** STORED DATA follows **
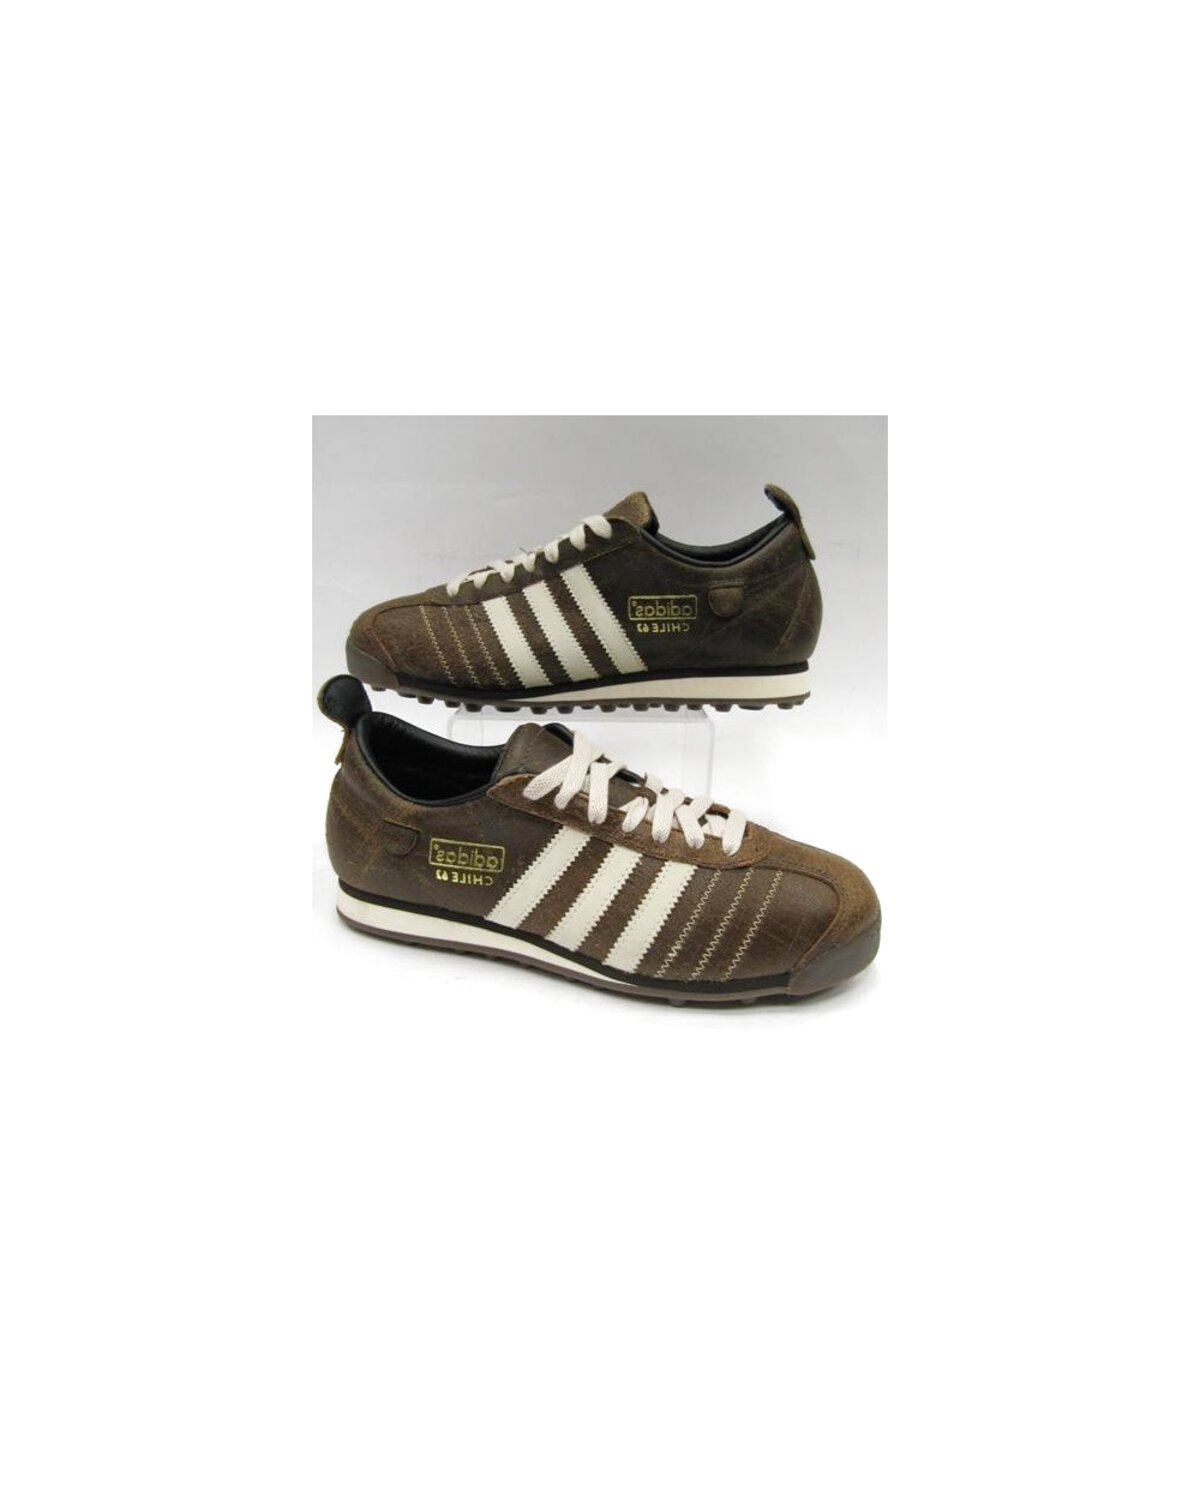 adidas chile 62 trainers size 12
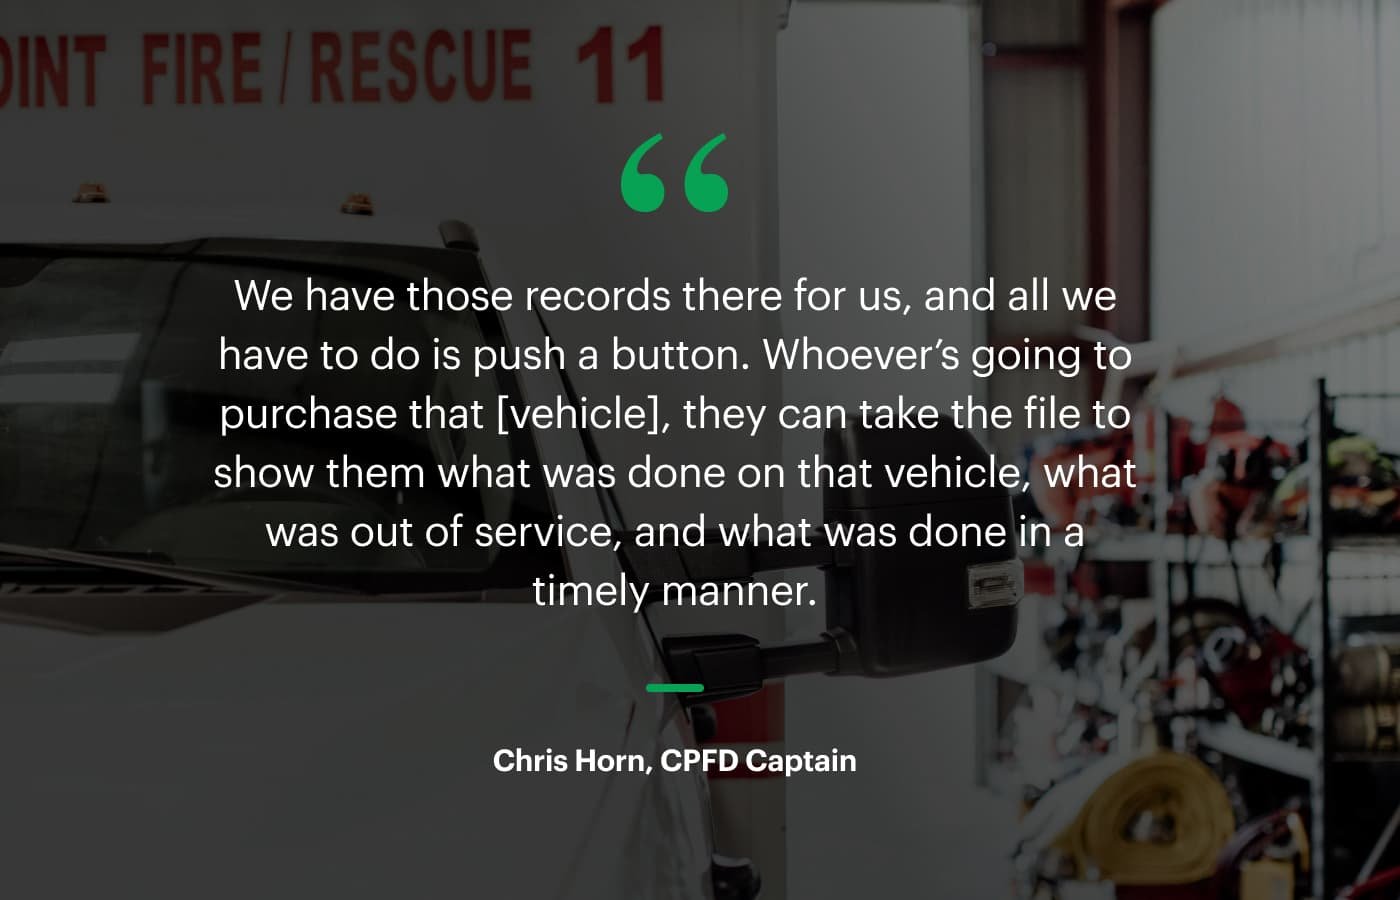 “We have those records there for us, and all we have to do is push a button. Whoever’s going to purchase that [vehicle], they can take the file to show them what was done on that vehicle, what was out of service, and what was done in a timely manner.” – Chris Horn, CPFD Captain
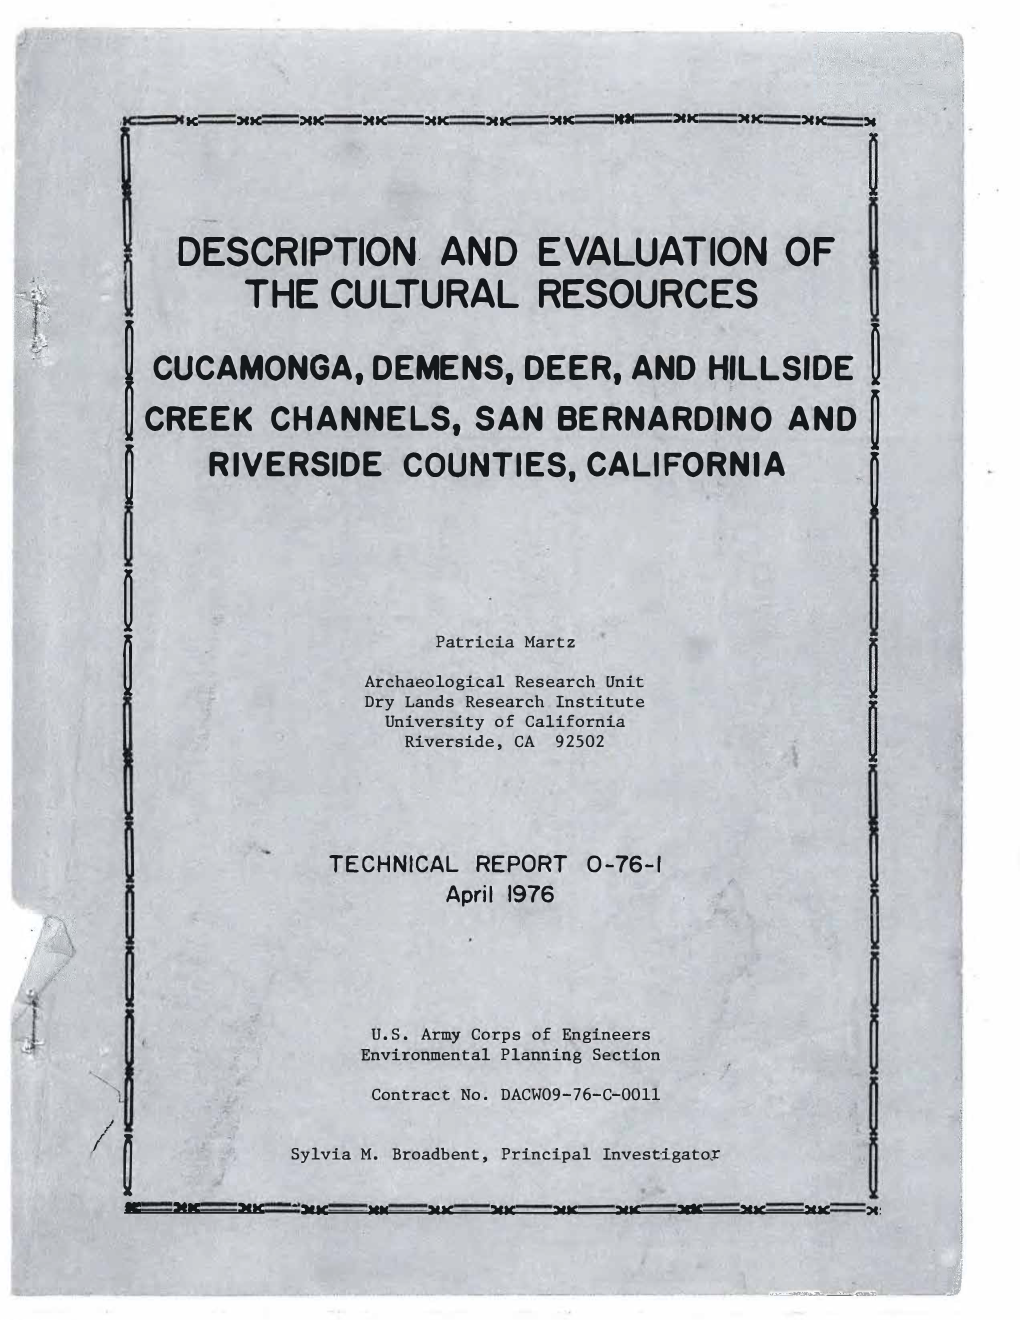 And Evaluation of the Cultural Resources Cucamonga, Demens, Deer, and Hillside Creek Channels, San Bern
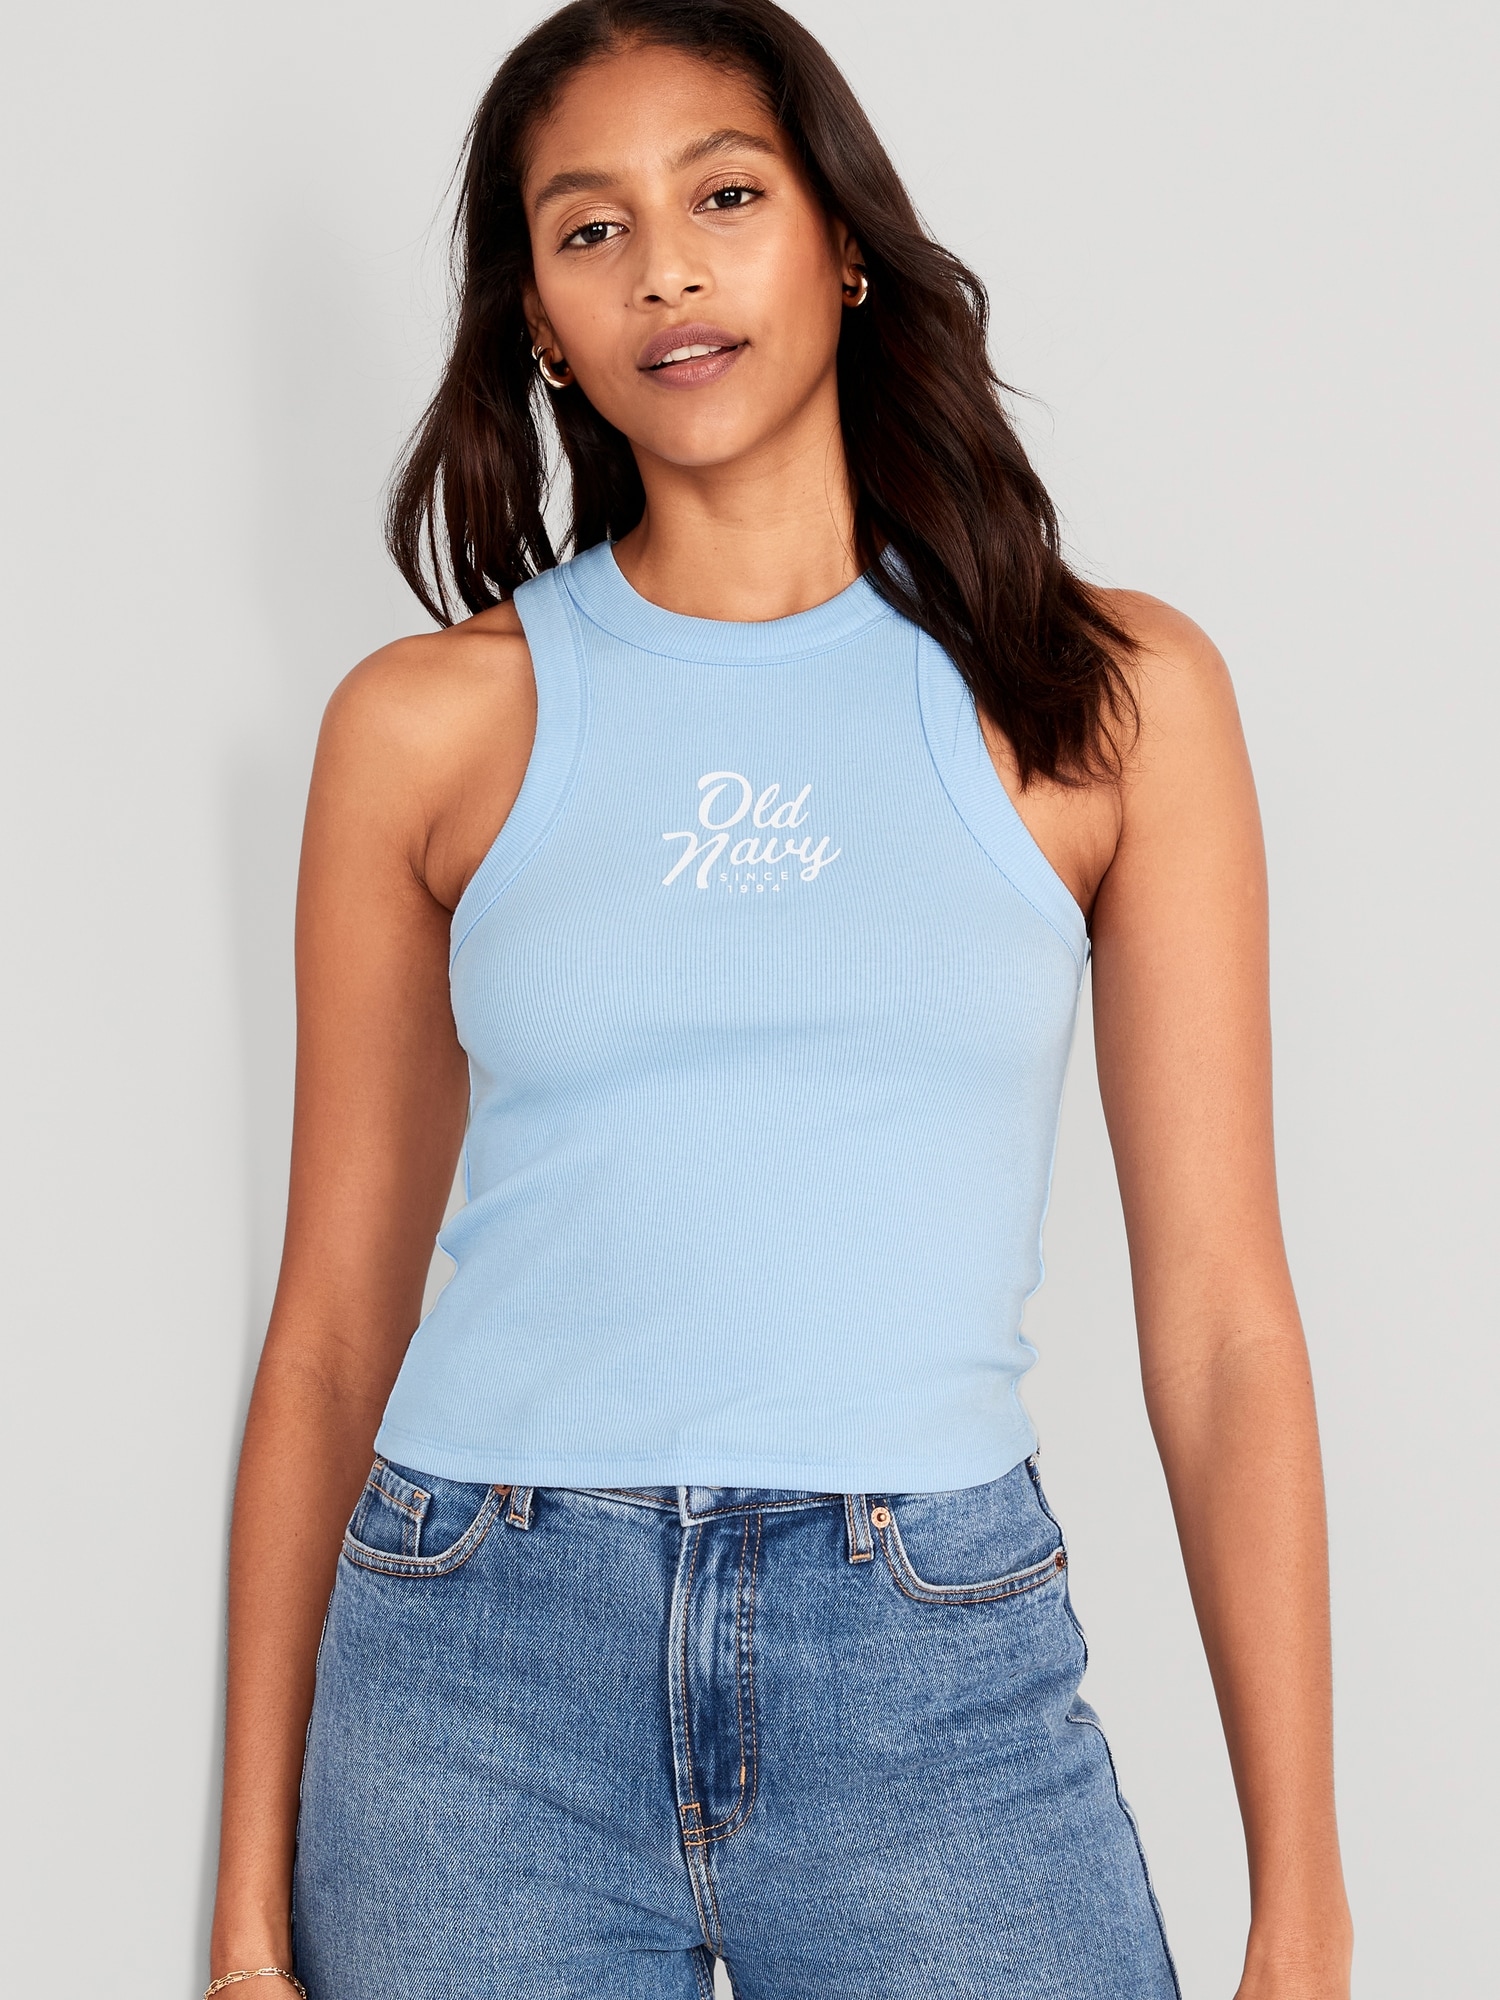 Women's Colored Tank Tops
** End of STORED DATA **
None of the pictures should appear; copy the rest of the material above exactly.

 adidas chile 62 trainers size 12
 “We have those records there for us, and all we have to do is push a button. Whoever’s going to purchase that [vehicle], they can take the file to show them what was done on that vehicle, what was out of service, and what was done in a timely manner.” – Chris Horn, CPFD Captain
 And Evaluation of the Cultural Resources Cucamonga, Demens, Deer, and Hillside Creek Channels, San Bern
 Women's Colored Tank Tops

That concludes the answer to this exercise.